After a delay of one day in submitting documents to the Employment Appeal Tribunal (EAT) proved fatal to a former employee’s case, the Court pinpointed the risks taken by litigants who fail to employ legal advisers.
Greg O’Cathail, a disabled man who suffers from depression, anxiety and panic attacks, was dismissed by his employers, Transport for London, after a lengthy period of sick leave. An Employment Tribunal (ET) later upheld his disability discrimination claim, awarding him £3,000 in compensation, but dismissed a claim of harassment.
He lodged an appeal against the dismissal of his harassment claim with the EAT within the required 42-day time limit. However, after suffering a panic attack, he was one day out of time in filing supporting documents.
His appeal was rejected after the EAT’s registrar refused his application for a one-day extension of time and his challenge to that decision has now been dismissed by the Court of Appeal.
Lord Justice Mummery said that there was uncontradicted medical evidence that the appellant’s depression, anxiety and panic attacks are ‘exacerbated by court hearings’. However, he ruled that there were no exceptional circumstances that would justify the intervention of the Court of Appeal.

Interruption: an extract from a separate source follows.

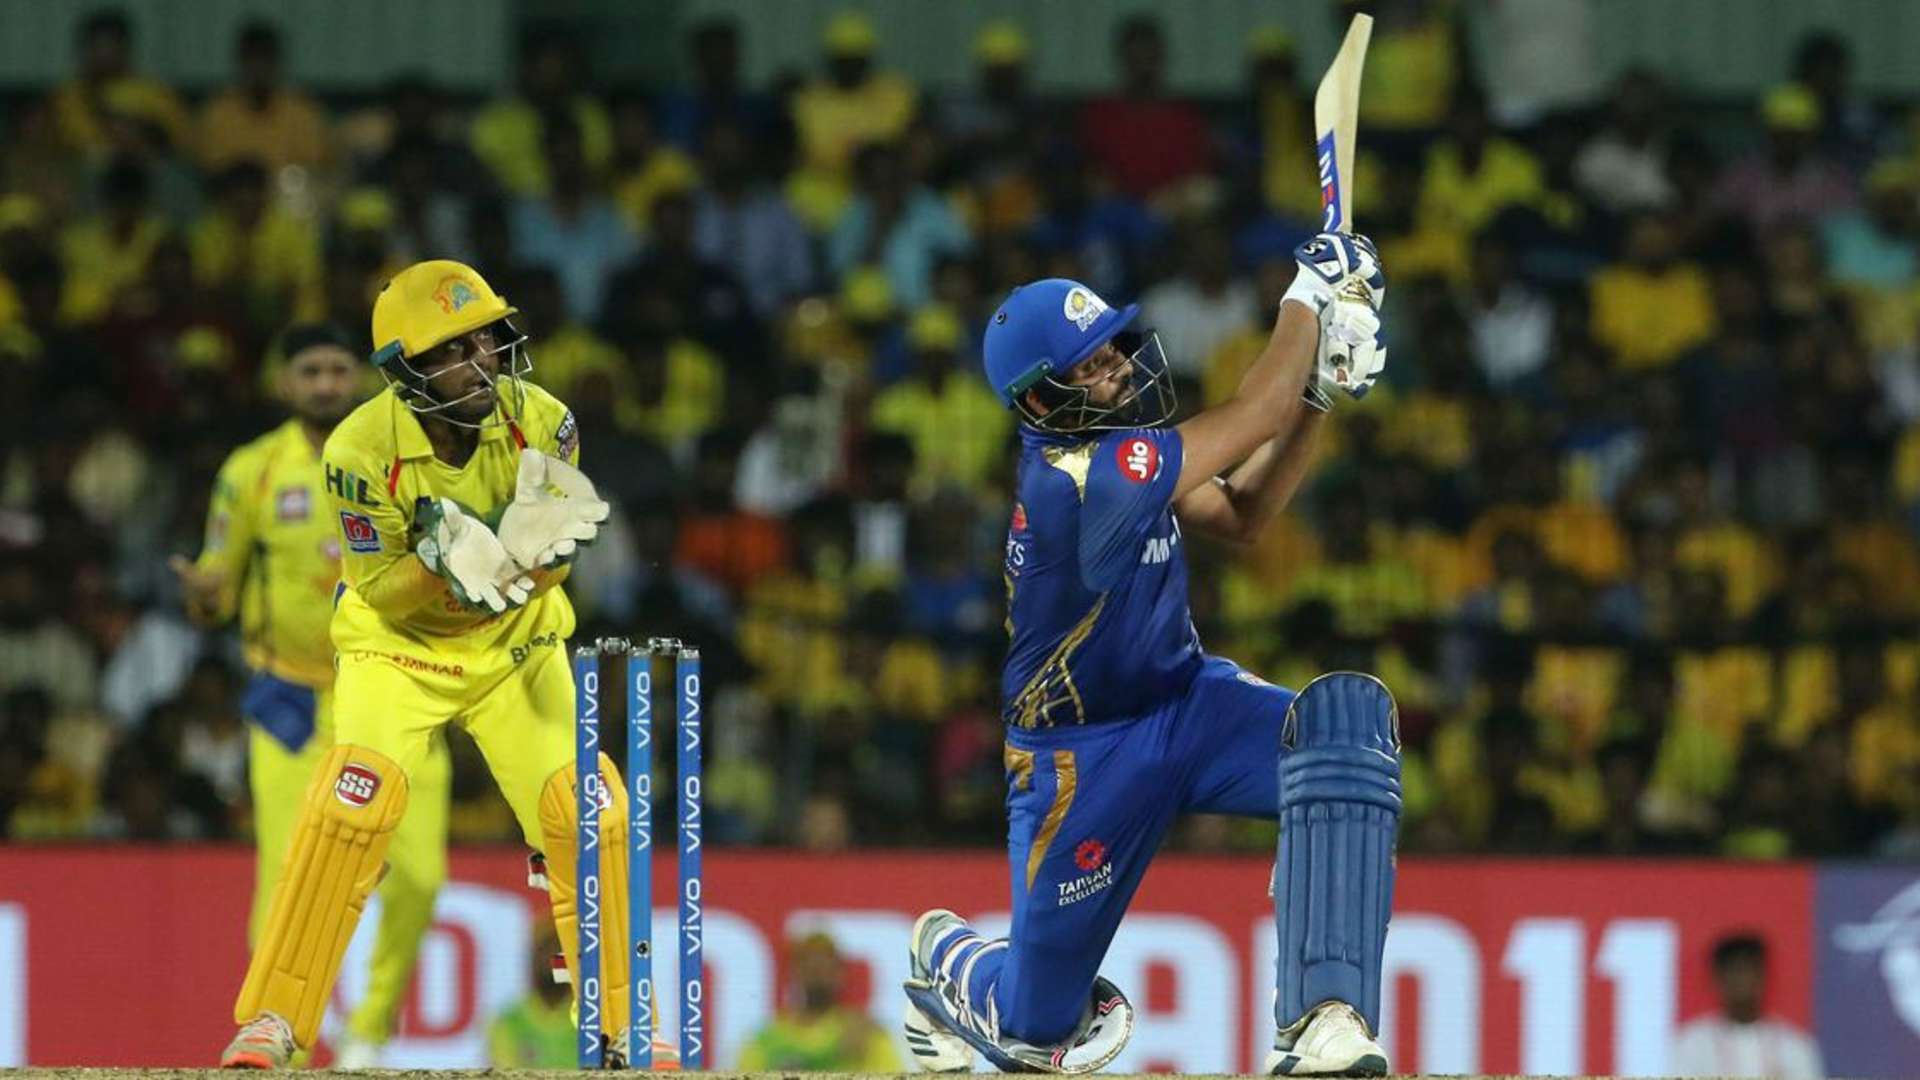 Rohit Sharma plays a shot, Image credit: Twitter

The judge went on to say that the EAT’s discretion to extend time deadlines was ‘sparingly exercised’, as was the jurisdiction of the Court of Appeal to overrule a procedural decision reached by a court or tribunal in the exercise of a statutory discretion.
He concluded, “Applications for an extension of time are most often made by unrepresented applicants. Over the years, professional representation in the ETs has diminished. That trend will continue. There will be more missed deadlines.”